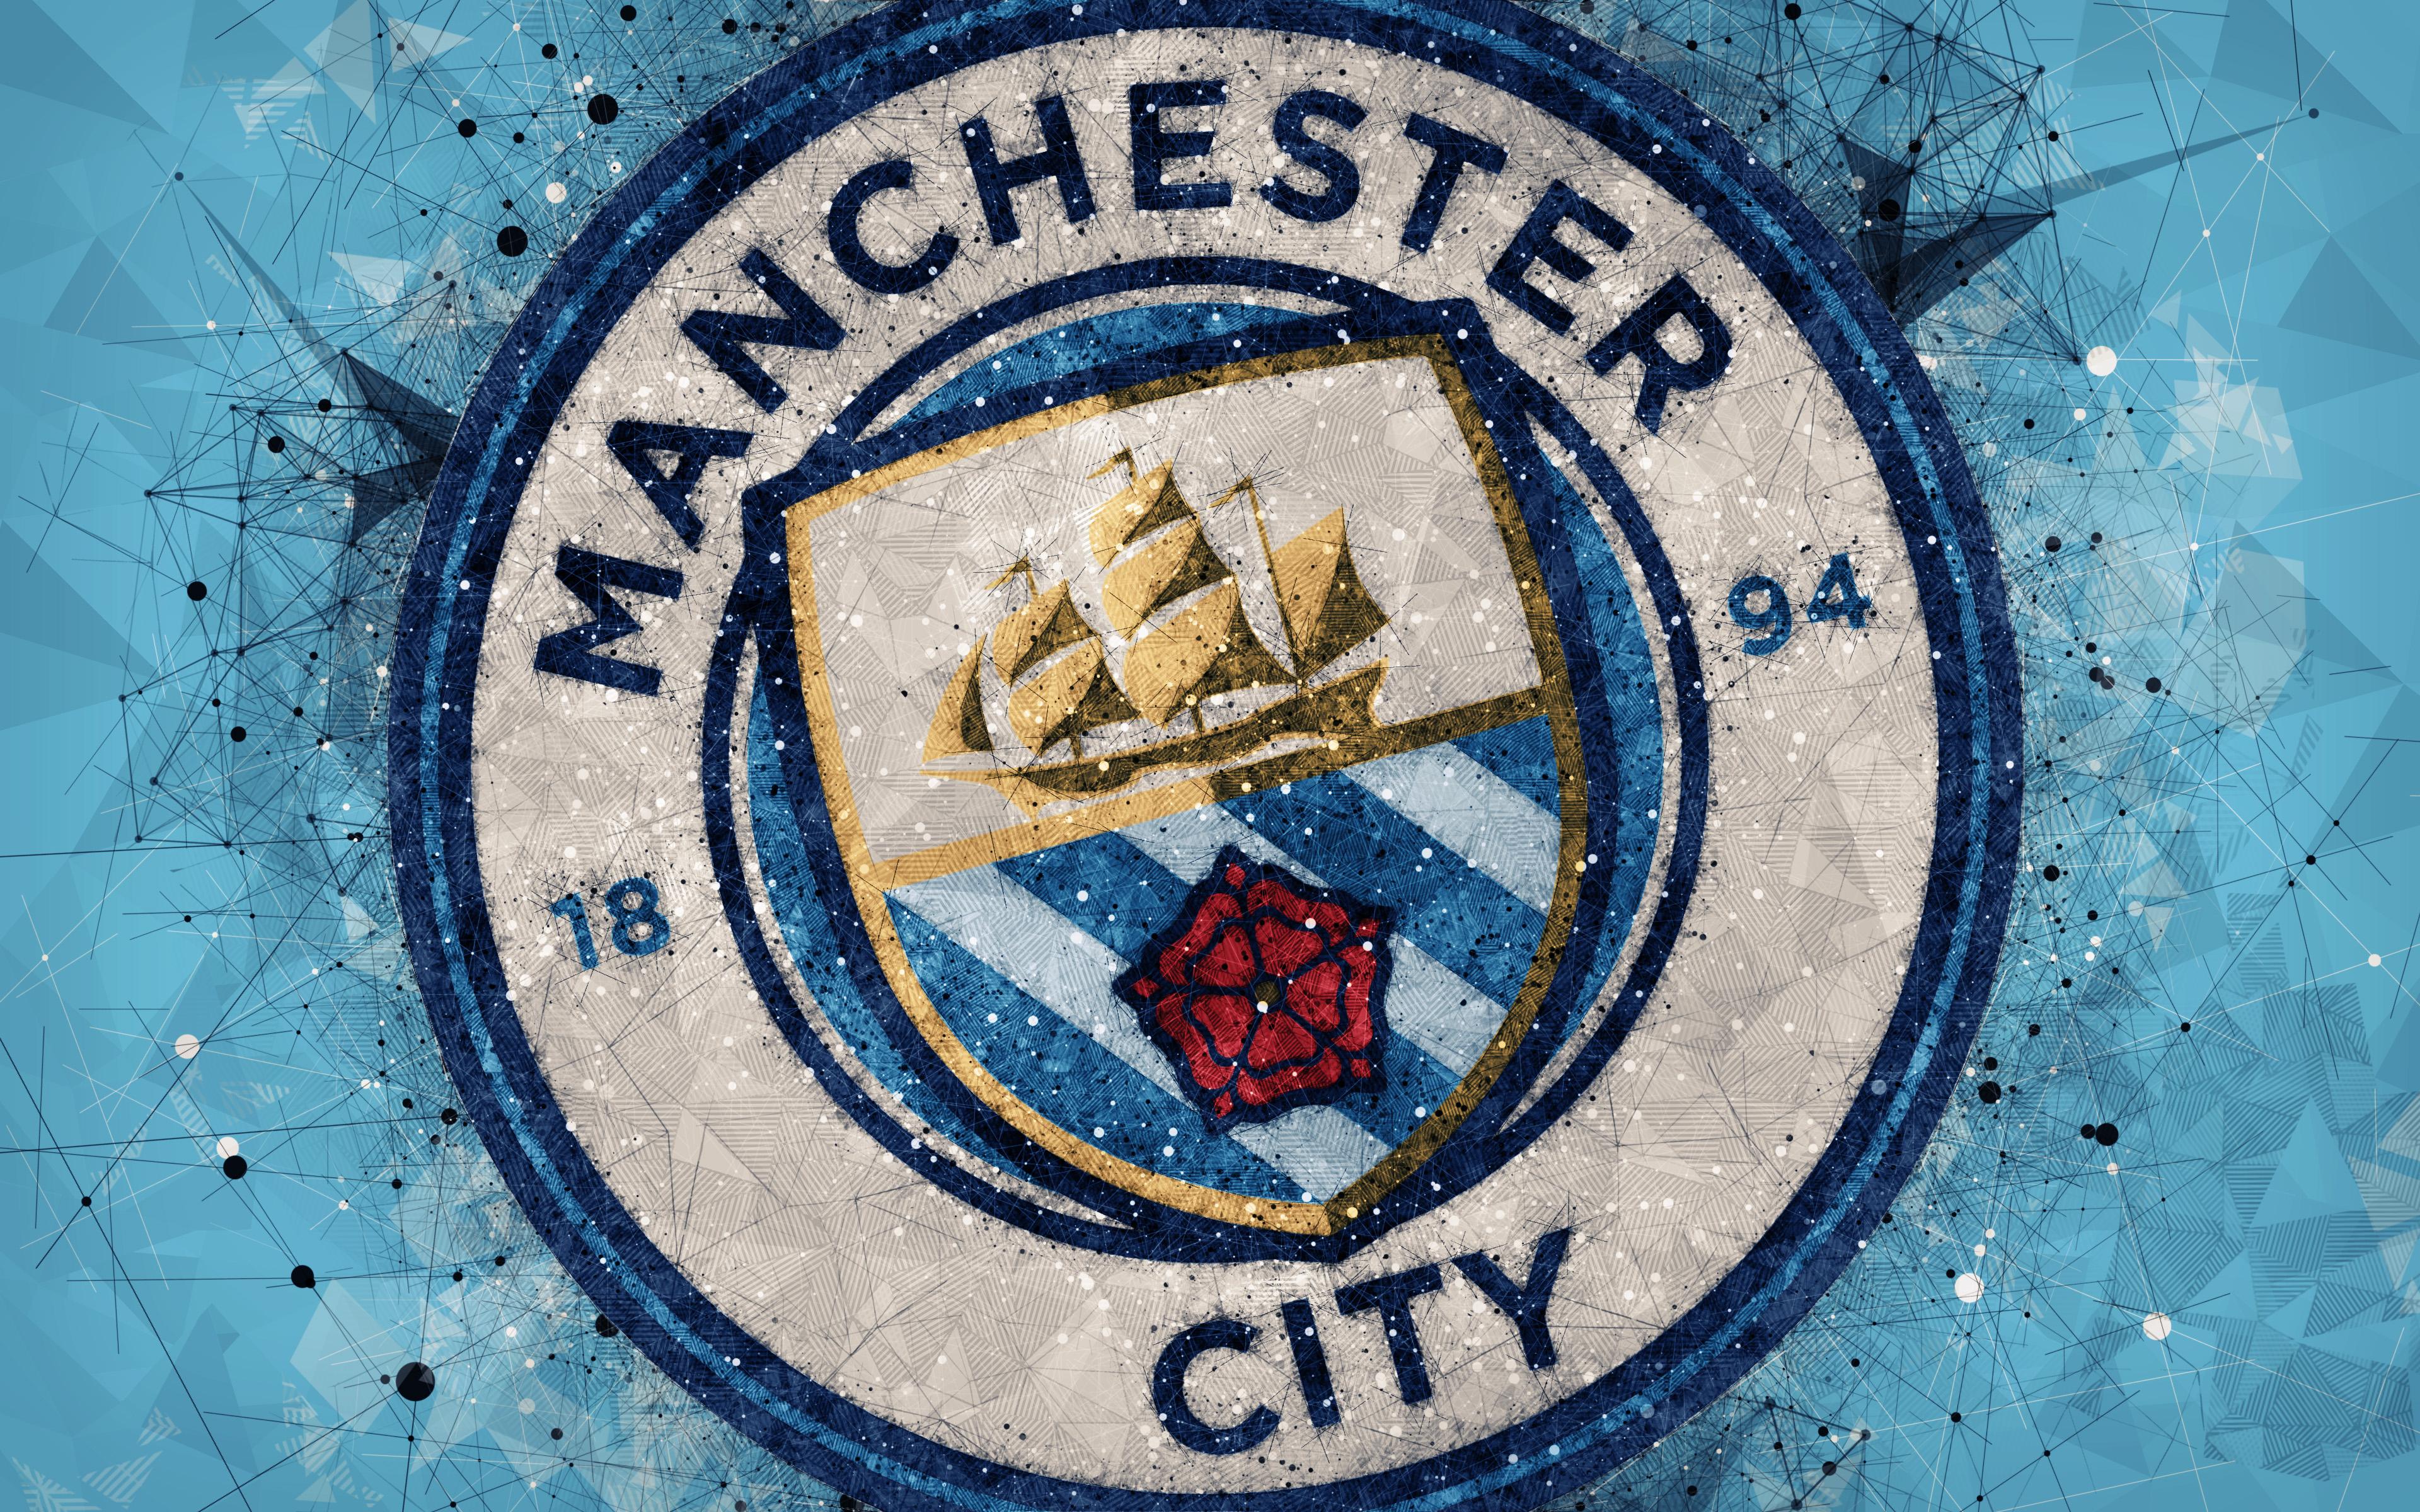 Manchester City Logo 4k Ultra Fondo de pantalla HD   Fondo ...
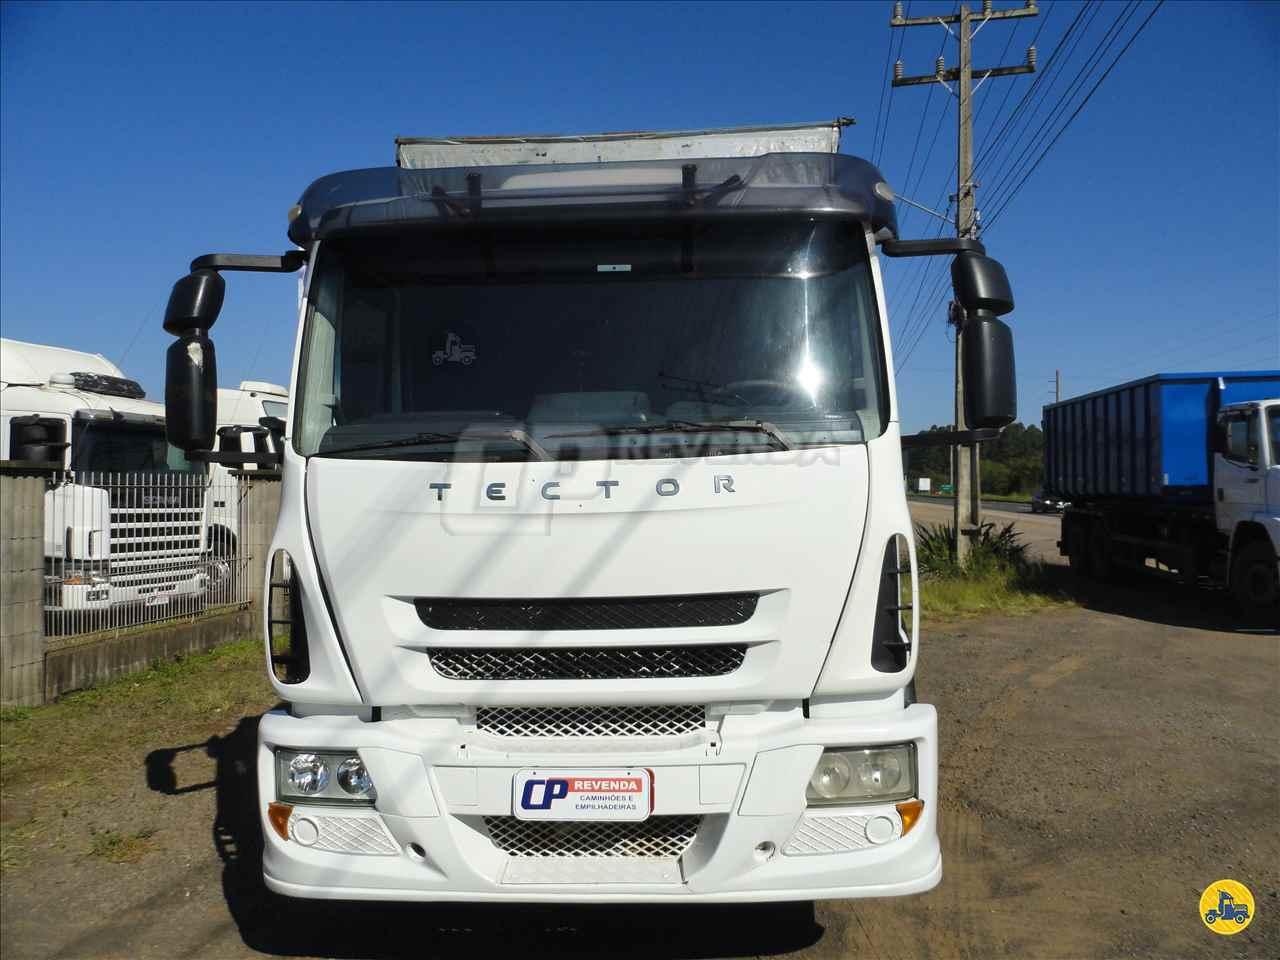 IVECO TECTOR 240E25 640000km 2011/2011 CP Revenda
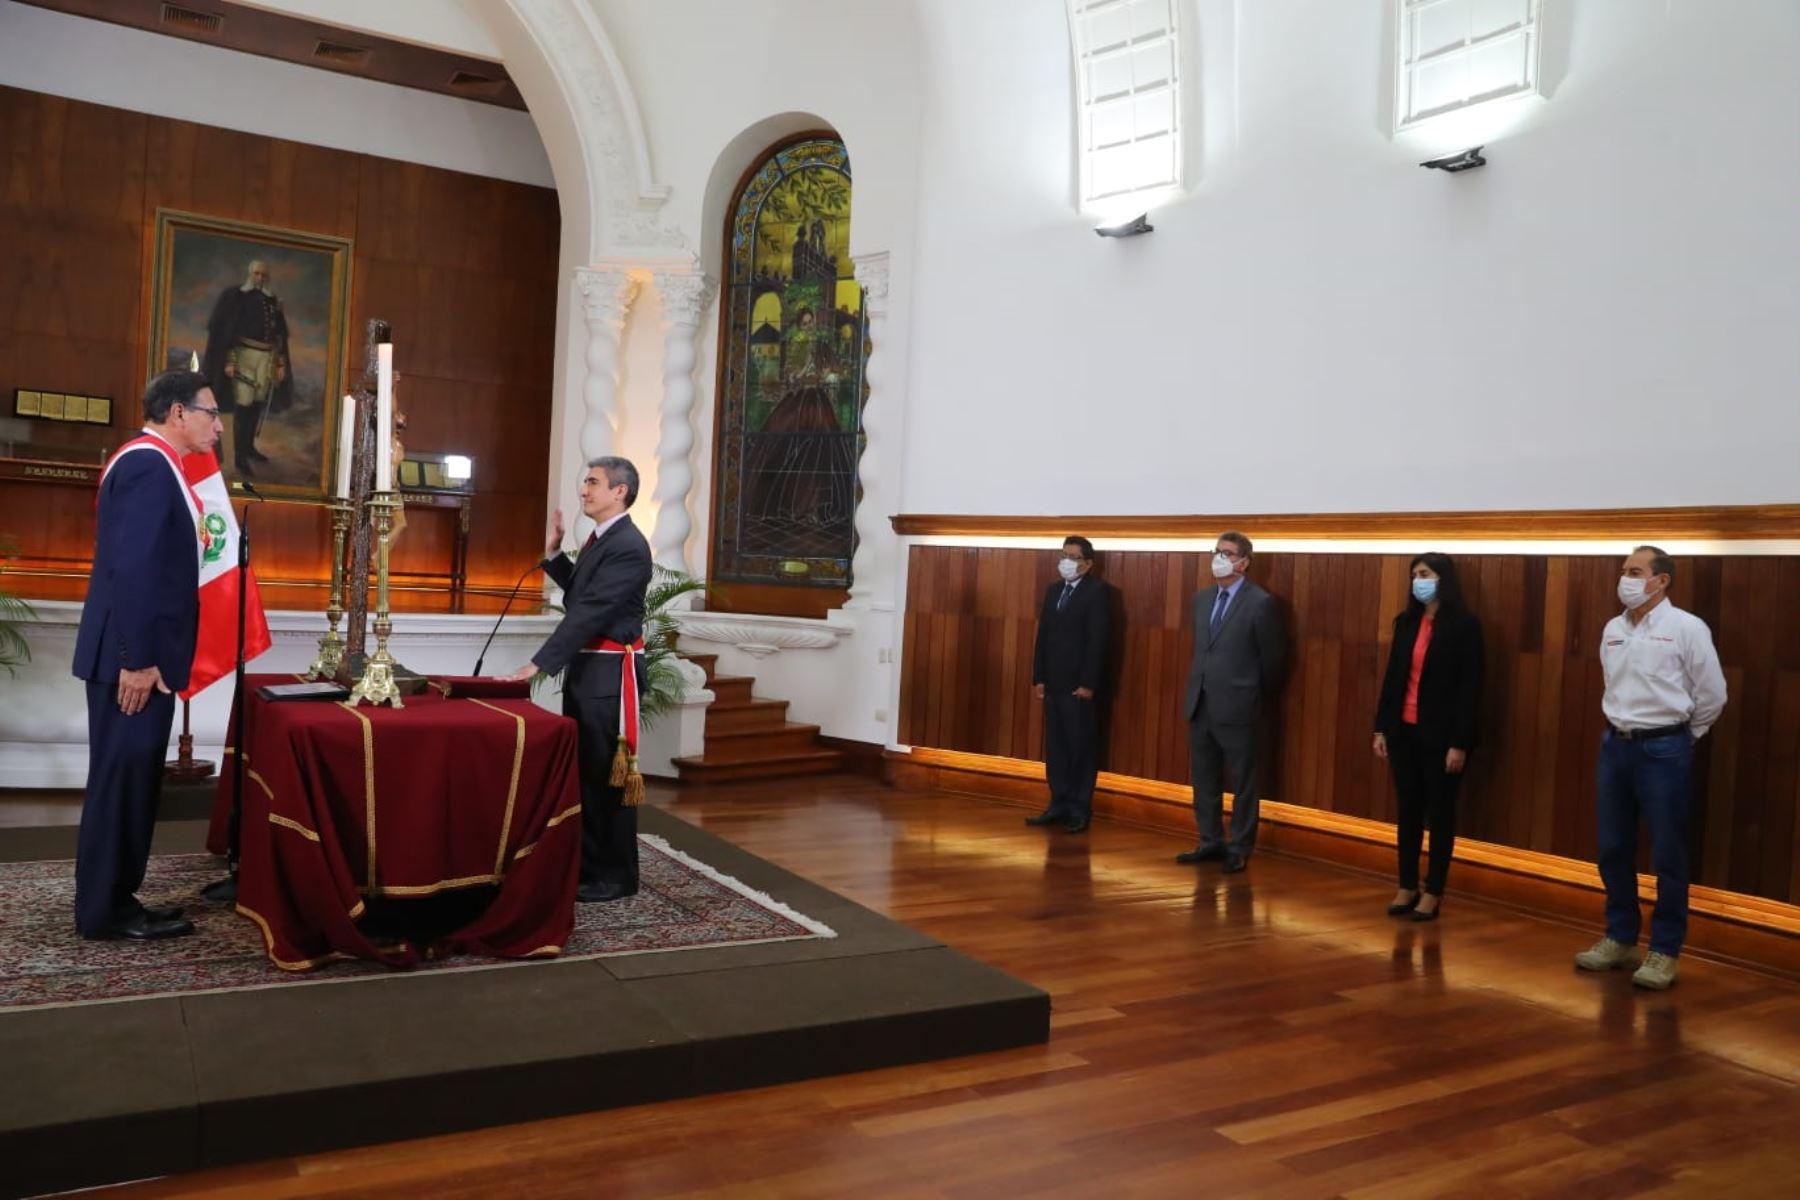 El presidente de la República, Martín Vizcarra, tomó hoy juramento a Alejandro Neyra como nuevo ministro de Cultura, en ceremonia realizada en Palacio de Gobierno. Foto: ANDINA/ Prensa Presidencia
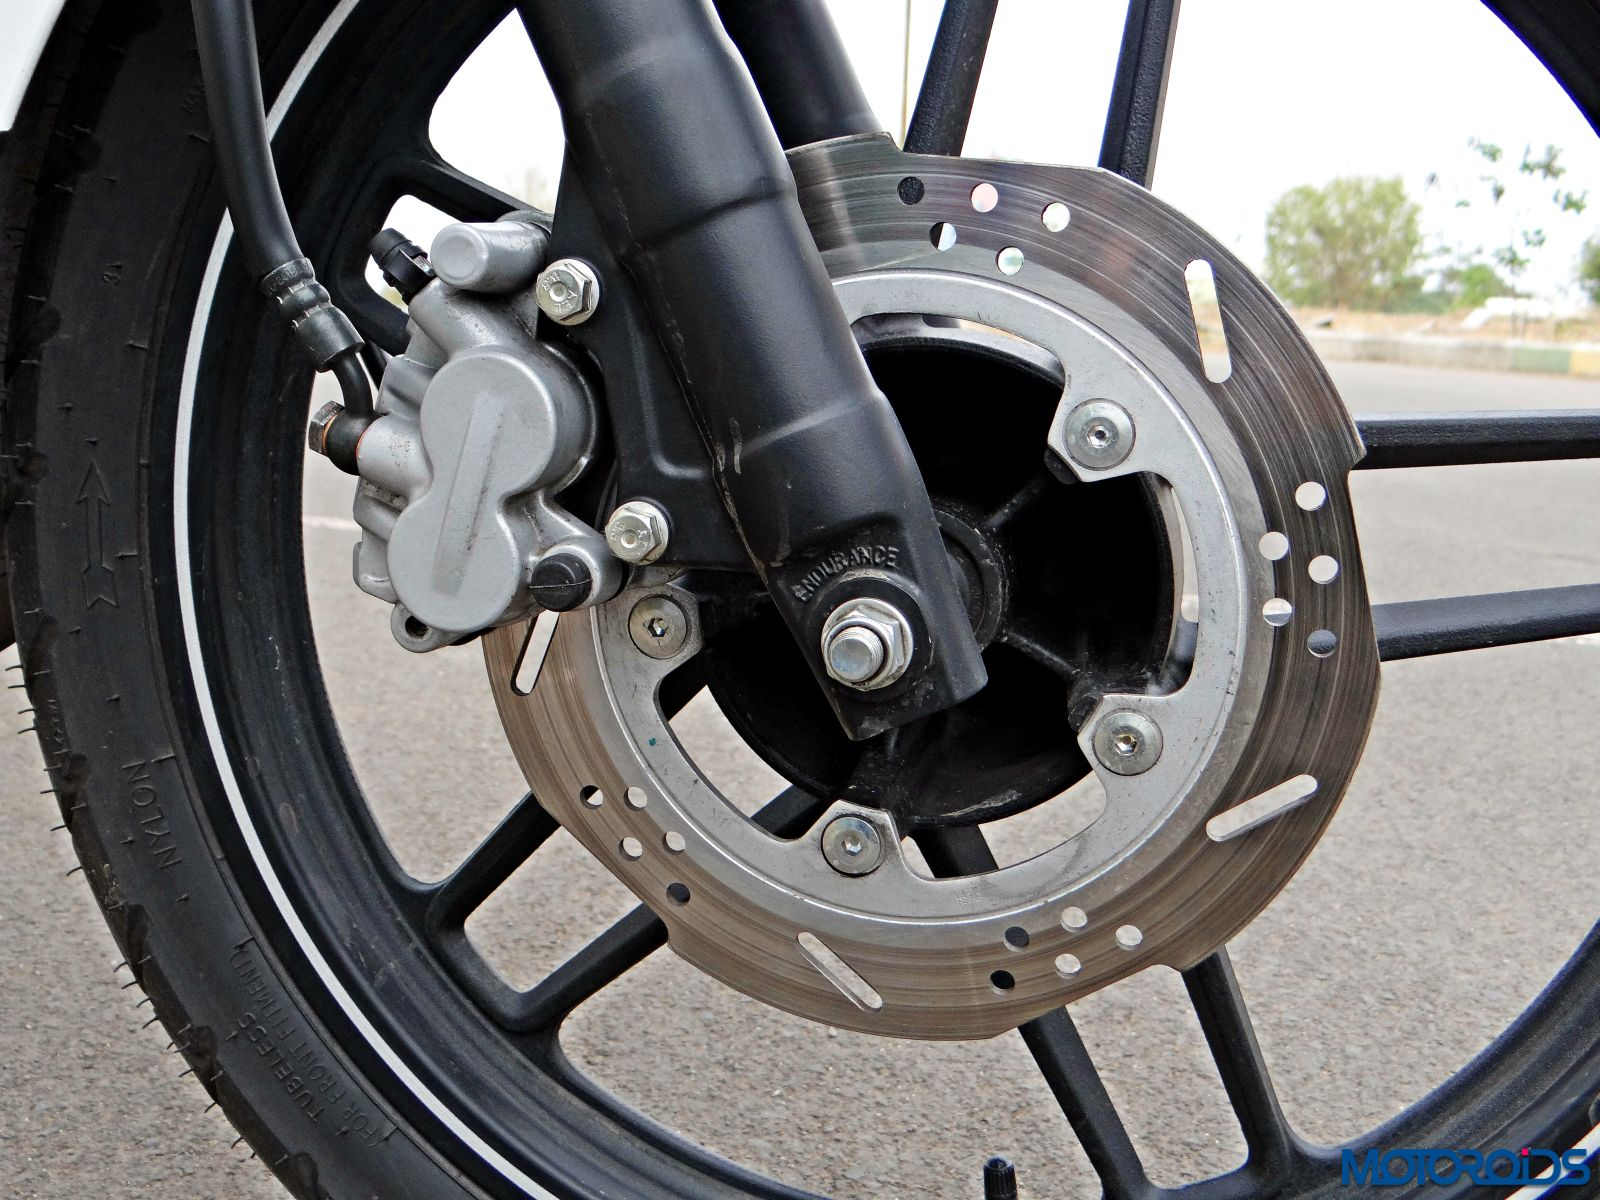 Bajaj V15 - Review - Details - Front Wheel - Suspension - Brake (2)

## [EXERCISE BRIEF]
In your copy, restate the data above word for word but leave out any picture.

## [RESULT FOR THIS TASK]
 Manchester City Logo 4k Ultra Fondo de pantalla HD   Fondo ...
 IVECO TECTOR 240E25 640000km 2011/2011 CP Revenda
 El presidente de la República, Martín Vizcarra, tomó hoy juramento a Alejandro Neyra como nuevo ministro de Cultura, en ceremonia realizada en Palacio de Gobierno. Foto: ANDINA/ Prensa Presidencia
 Bajaj V15 - Review - Details - Front Wheel - Suspension - Brake (2)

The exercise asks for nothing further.